Fiber content of today's post: 70% animal hair, 30% silk.

Which also happens to be the fiber content of my most recent Knit Picks order.

Knit Picks order wool, alpaca, and silk yarn

11 skeins of Elegance (70% baby alpaca, 30% silk), and one skein each of Gloss Lace in Mango (70% wool, 30% silk) and Shimmer in Lilac (70% baby alpaca, 30% silk). They're all super-yummy. The Elegance is for the Sylph Cardigan from Interweave, the Shimmer is for a Swallowtail shawl, and the Gloss Lace is for I'm Not Sure Yet, maybe Laminaria, the shoulder-shawl version.

Here's how that Sylph is coming, by the way.

Yellow Alpaca Interweave Knits Sylph Cardigan wip

I'm really enjoying it. I'm not going to enjoy the seaming so much, but I love the pattern so much that I don't think I mind.

Intolerable Cruelty is going nicely. I'm fairly confident that I'll have it all done in time for my self-imposed deadline of the end of June, when my boyfriend comes over for a visit. :3

Knitty Intolerable Cruelty black bamboo knitted skirt

Knitting-group-compadre Iza helped me out with the crochet part, for which I am forever grateful.

Oh, did I mention I began packing things up for moving home for the summer? Starting with my yarn.

Lots and lots of yarn stash
(click for larger)

That became this:

Yarn stash in boxes

On the spinning front, I've picked up my spindle for the first time in quite some time, producing these:

Handspun yarn

The center yarn is some extra navajo plied yarn for my Kaylee socks. One is finished and the other is being worked on.
The yarn on the right is spun from all my fiber scraps which I've saved. It produced a "very interesting" "artyarn" which I navajo plied into a worsted weight or something. I used it for a project I've been planning for a very long time.

Handspun scrap artyarn yarn

Bias garter stitch handspun handknit scrap scarf

This scarf (very simple, garter stitch with a bias pattern) was knit out of my first and second handspuns, and a few other scraps. These yarns had been sitting in my cabinet, alone :(, waiting to be knit into something but they were in such small amounts that I hadn't a clue what to do with them (about 30 yards or less each).

By the way? I am in LOVE with how this yarn knit up:
Handspun handknit garter stitch scarf
It was spun from a 6-or-so-color roving set for needlefelting from Hobby Lobby. Any time the fiber broke (which it did many time, it being my second ever spinning attempt), I would switch colors. Then I 2-plied it using the handy plying method, leaving me with a *very colorful* yarn with each ply changing colors at a different time. I love how it knits up and I think I'll have to do it again sometime.

The other yarn was instant gratification - well, almost.
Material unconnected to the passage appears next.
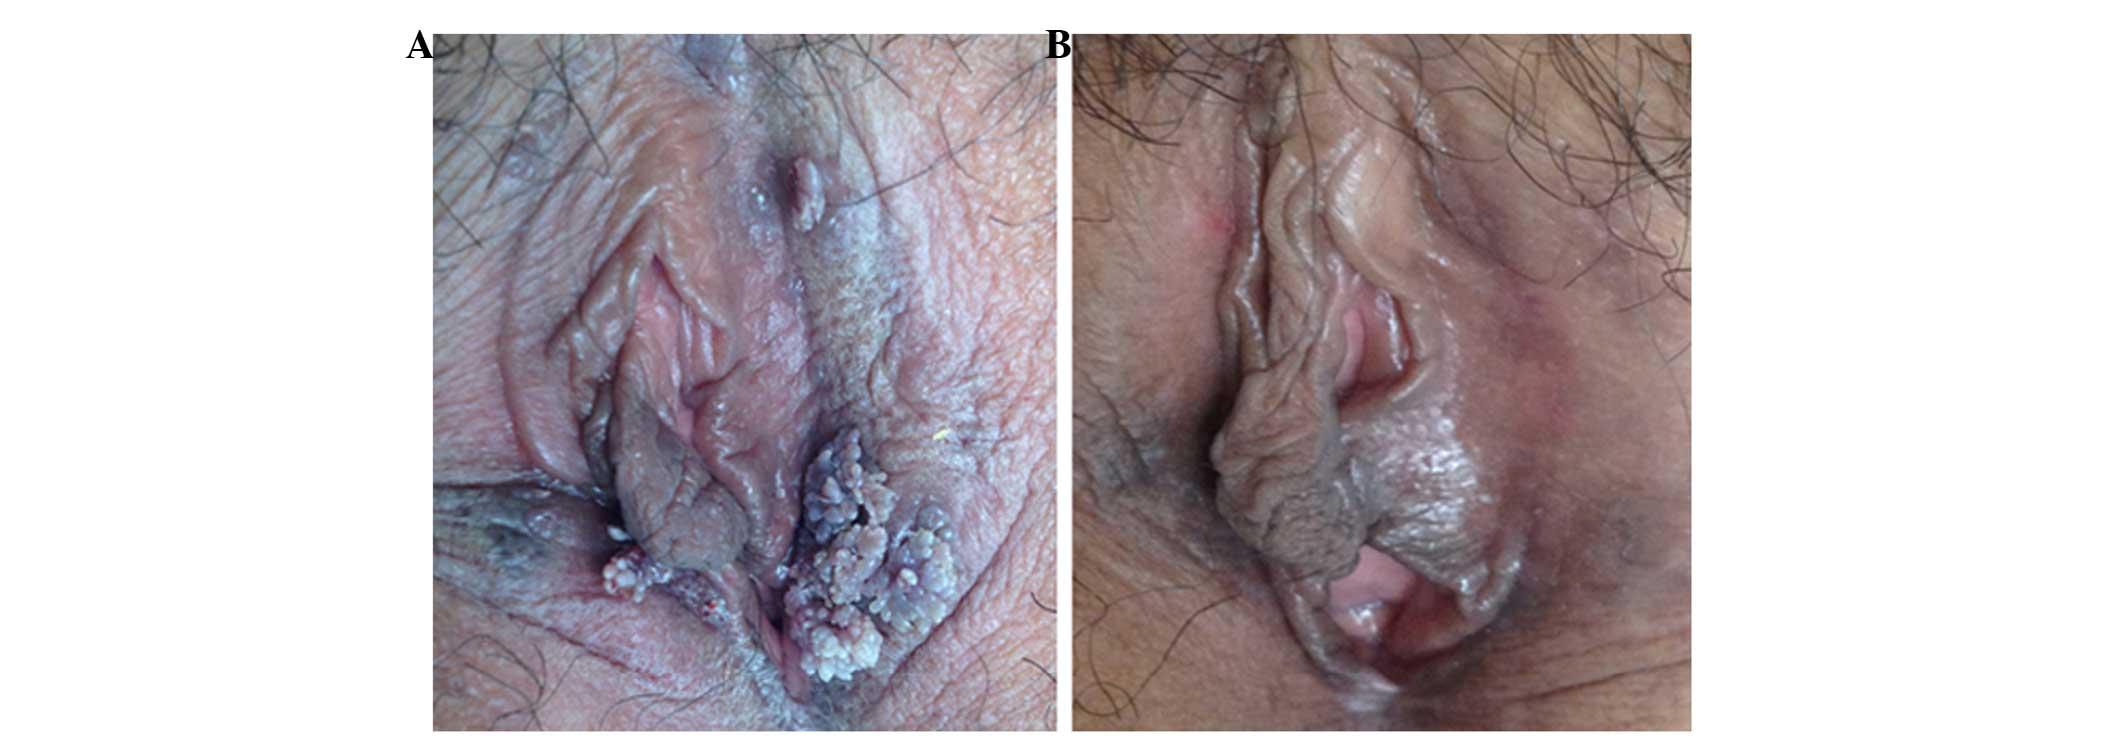 condyloma acuminata laser treatment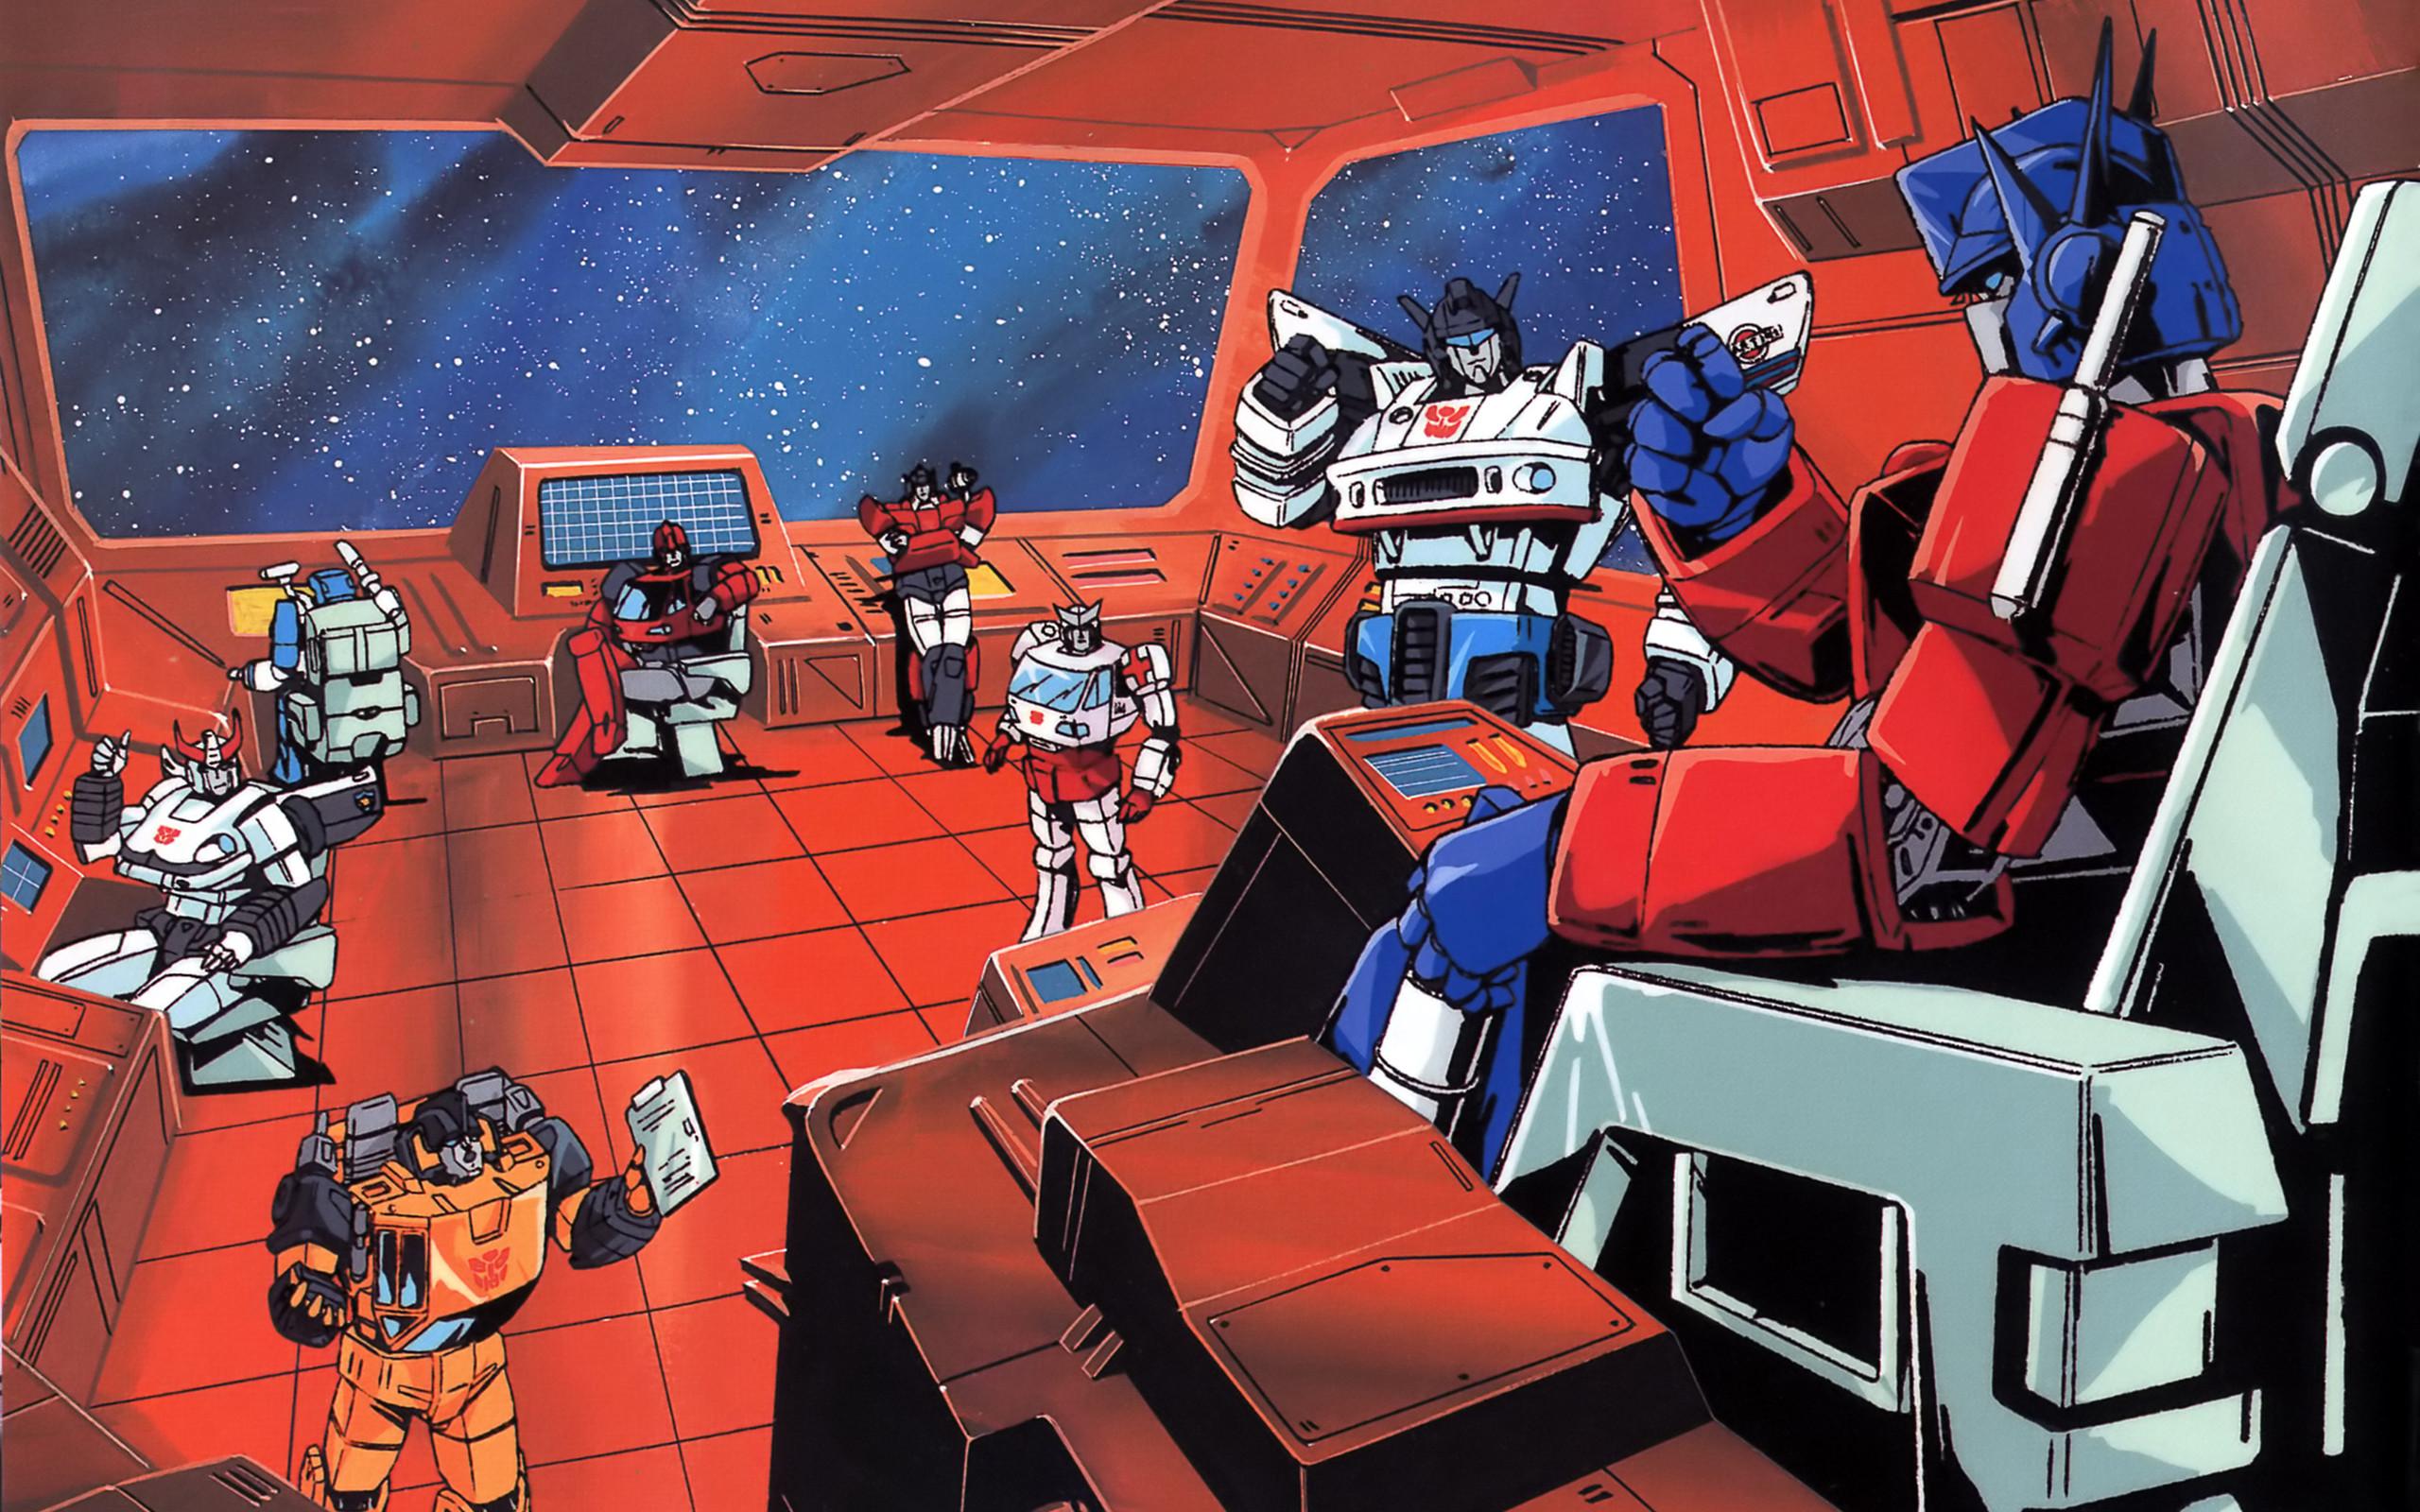 Iphone X Wallpaper Gif Landscape Transformers G1 Series Optimus Prime And Grimlock Wallpaper 183 ①

Marl blue green black handspun wool yarn

I died and spun the blue/green single months and months ago. Only recently had I gotten around to spinning the black single to go with it, and then plying it. Then, almost immediately after, I whipped this up, which I am quite proud of:

Knitty Calorimetry handspun green black headband

67-yard Calorimetry! Woot!

Handspun handknit headband

I spun the yarn, I dyed one of the plies, I knit it, I got the button from the dollar store. I love it.

The next thing on deck to spin is this lovely lump of love:
Hand dyed Etsy silk roving
That's 2 ounces of hand-dyed silk in gorgeous green, blue, brown and sometimes yellow and other stuff. Sooo pretty. What I'm planning to do is spin up all 2 oz of this, ply it with 2 plies of black wool, and make some pretty sportweight socks or something. :) I dunno what kind of patter would be good for a marled yarn like that, other than stockinette, but hopefully I'll find something. Something lacy maybe, not necessarily with a lot of texture but with a lot of openwork. We'll see.

And finally, what I'm most looking forward to knitting when I get home for the summer is this:

Patons Classic Wool bag of white knitting yarn

Okay, so it's just 9 balls of Paton's Classic Merino. But. I have plans for this thing.

I'm dyeing up two of the skeins to make the 3 hour sweater, only because I am a glutton for instant gratification and I love vintage patterns, too.

Then I'm taking the remainder and dyeing it up and making Viveka, adding in some waist shaping and stuff because I like the design of the sweater but not the shapelessness of it.

I'm excited for the summer, hooray! Yummy. Sweaters, shawls, spinning, oh my!